The cavernous “Simulacra” offers bombast in a variety of exploratory directions, as if offering another red nightmare, adorned with spooky synth pools of perspiration and slashes of incisive blades of sound carving into the brain. Images of somber reptiles slithering along Roman mosaic tiles, heading towards the roar of the arena nearby, where the starving lions await their next lunch. Gruesome effigies crucified along the road to freedom, impudent crows cawing with disdain.
The sultry femininity of “Mademoiselle X” comes as a most welcome distraction, the curving bass highlighting the softness of skin, the aroused mellotron caressing like a silky veil, building up into a glowing sonic image of beauty incarnate. Then the seductive lead guitar joins in on the flattery, the atmosphere veers into carnal exuberance. An extraordinary track that deserves the gift of eternal love, devotion  and surrender.

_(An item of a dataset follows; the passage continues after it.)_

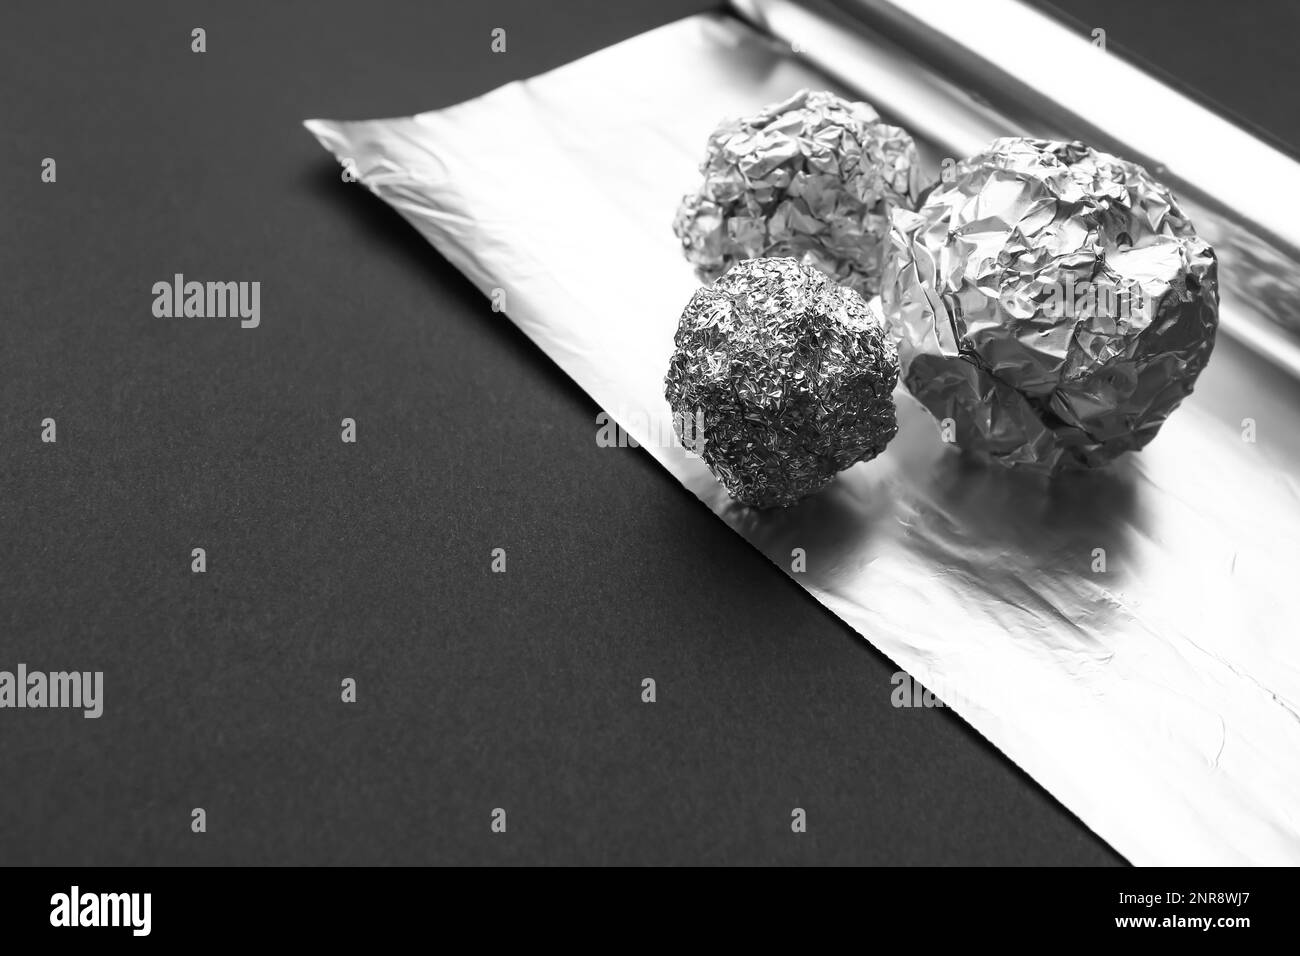 Crumpled balls of aluminium foil on dark background, closeup Stock Photo

The next 13 minute onslaught has a title that leaves no room for questioning ,“D.O.O.M” diabolically smashes into the soul with a searing display of pyrotechnics that unexplainably (but not really surprisingly) comes to a grinding halt,  enough time for a forlorn piano to exalt gently, and then reignite into a magnificent melody, a pattern that will be repeated  until the very end. From eloquence to eruption we go,  back and forth in a domineering and deranged gait, a roller coaster of emotions from the two polar extremes, a challenging exercise in contrasts. Toss in a variety of sonic effects and noises to further confuse and numb the mind into subservience, the rash guitar takes over the pace, rambling along with the bruising mellotron, nasty bass currents and demonic drumming outro from Guidoni that fades into the sunset.

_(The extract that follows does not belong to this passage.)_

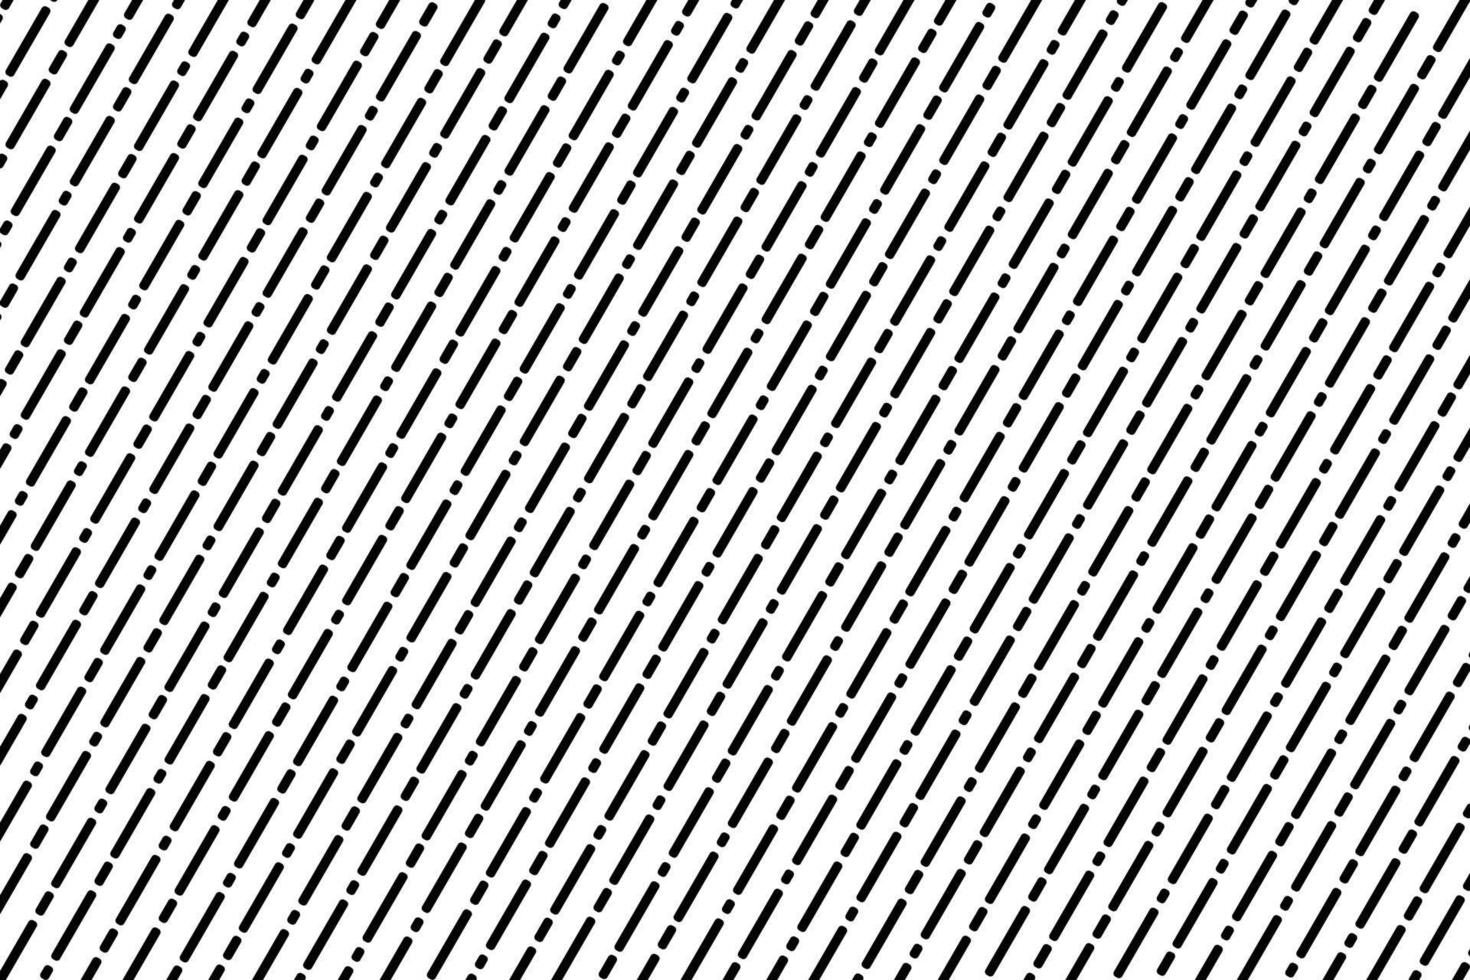 abstrakt diagonal linje rand mönster. vektor

There is a bonus track , “Return from the Spiral Mind” , a variation of the previous album’s mainstay,  the 2-part epic “Journey through the Spiral Mind” which spanned a chunky 22 minutes. Here , the onus is closer to Floydian investigations, albeit in a more biting setting, with Alfio displaying his talent on a variety of keyboard instruments. There is less ‘sturm und drang’ fright than on the main album, hence coming across as a calming exit, a warmer touch and a guarantee of more future music from this impeccable Italian powerhouse.